The Poetry Section: Jennifer L. Knox, 'Short People'

by Mark Bibbins, Editor

The Poetry Section

Today in The Poetry Section: Three poems by Jennifer L. Knox, including Baywatch and Short People.

Baywatch

Like songs that say only
I like it like that or
I want my money back or
Back that thing up. “Dogs
peeing on people = funny.
People peeing on dogs = not
funny.” That’s a joke I stole
from a really dumb movie
I will remember-unlike my
mother’s birthday-
for as long as I live.

Short People

When Emperor Hirohito told the Japanese people it was time to surrender, he never used the word surrender. Instead, he talked about how everyone had done their best, tried so hard, etc. His speech was broadcast over loudspeakers hung outside on electrical poles. People had never heard Hirohito’s voice before-they thought the Emperor was God. He spoke in the highest level of formality-using words so antiquated, ordinary people couldn’t understand a thing he was saying. So imagine: suddenly, one day, a disembodied voice we think is God’s starts talking to people in the streets in booming Shakespeare-speak. “What the heck’s God saying?” the people ask. A man wearing big glasses translates: “He’s saying we all did a really great job…” he pauses, furrows his brow, “but I think He wants us to give up.” This is what most of Randy Newman’s songs are about.

Saving Wasted Breath

It was a surprisingly easy find at 5 a.m., in Anaheim,
but I’d be less a sore thumb in clown drag: a bruised boob
in a new white suit (pulled the tags off with my teeth).
If those blockhead Canadian cops get ahold of me,
they’ll beat me ’til their knuckles bleed. Mongoloid Todd’s
a tougher fit-the gate was locked at Len’s House of Large
Sizes, so we threw his blood-soaked duds off the pier
and he climbed in the trunk bare ass-been there two hours.
When I stop for gas, I’ll buy him a t-shirt and underwear.
Even back there, his psycho talk’s louder than the radio. God
only knows what he’s got in the golf bag. Marina warned me
how the border guard’s pits stroll from car to car like sharks,
hunting through their open mouths. And that was it. No
shit she never sapped out and said “Stay,” but the “Go to hell”s
and “You stupid fuck”s and all the rest I never earned
but sure deserved-nix on those sweet nothings too.

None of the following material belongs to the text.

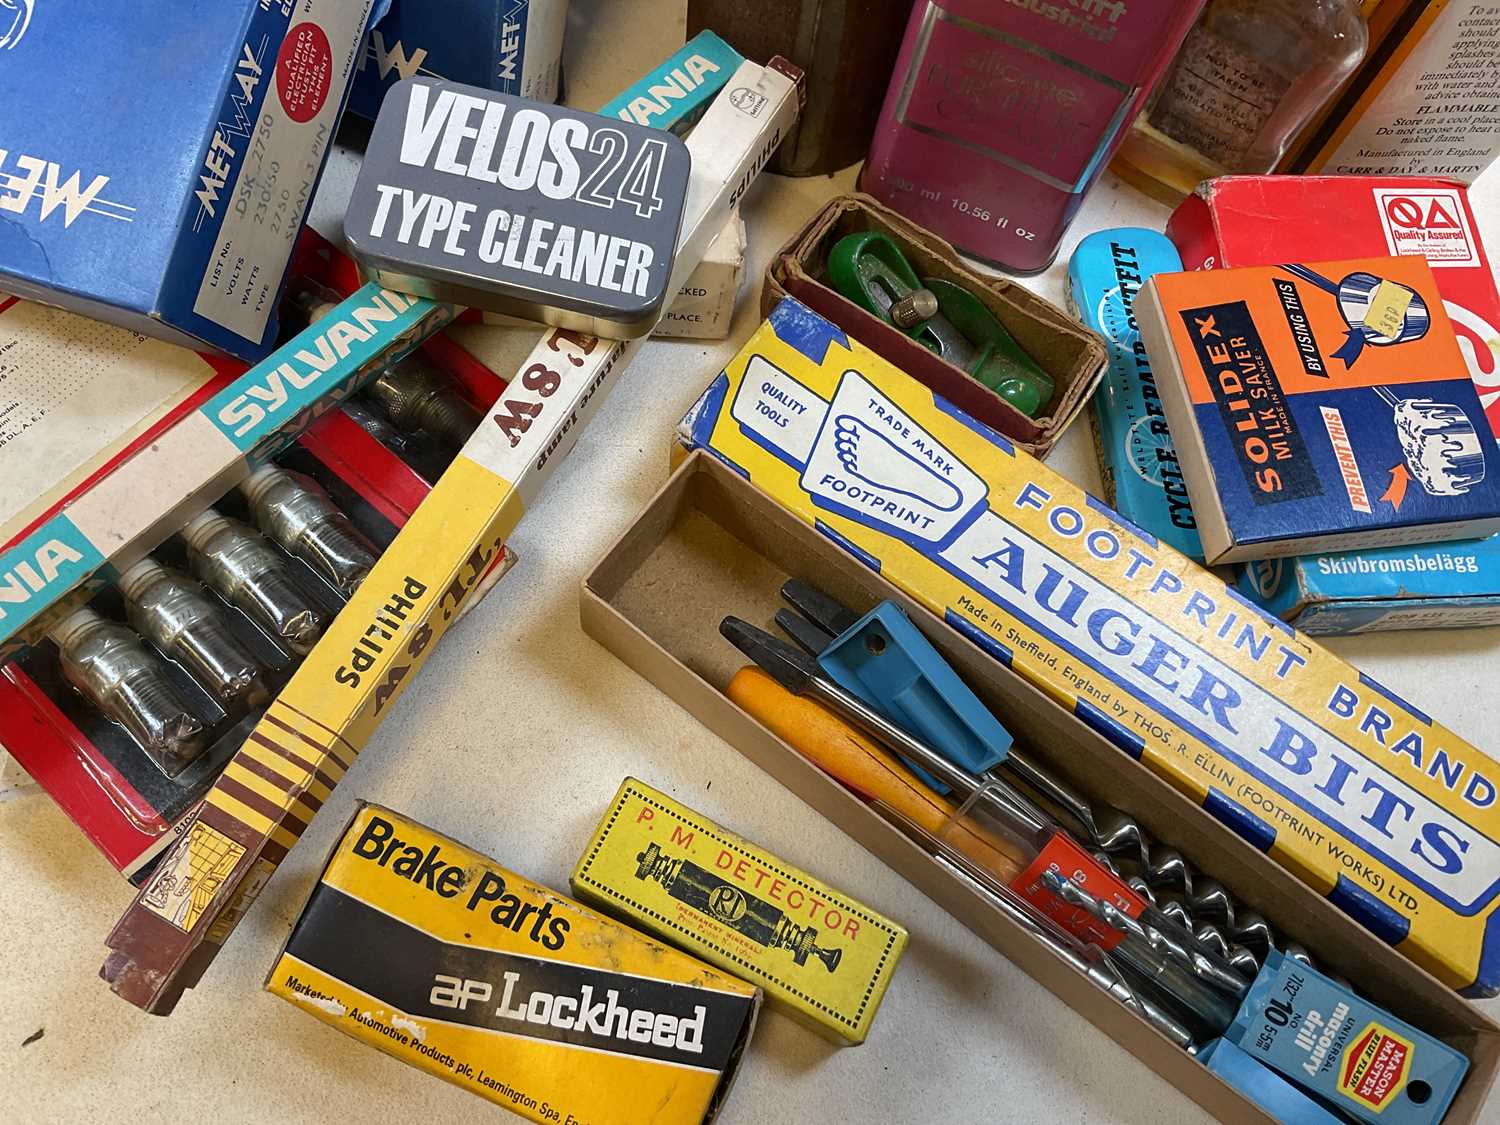 A collection of vintage tins and workshop finds including torches, car components, light bulbs, - Image 4 of 6

Jennifer L. Knox is the author of two books of poems, Drunk by Noon and A Gringo Like Me. Her new book, The Mystery of the Hidden Driveway, is forthcoming from Bloof Books next year. Her work has appeared three times in the Best American Poetry series, as well as in the anthologies Best American Erotic Poems and Great American Prose Poems: From Poe to Present.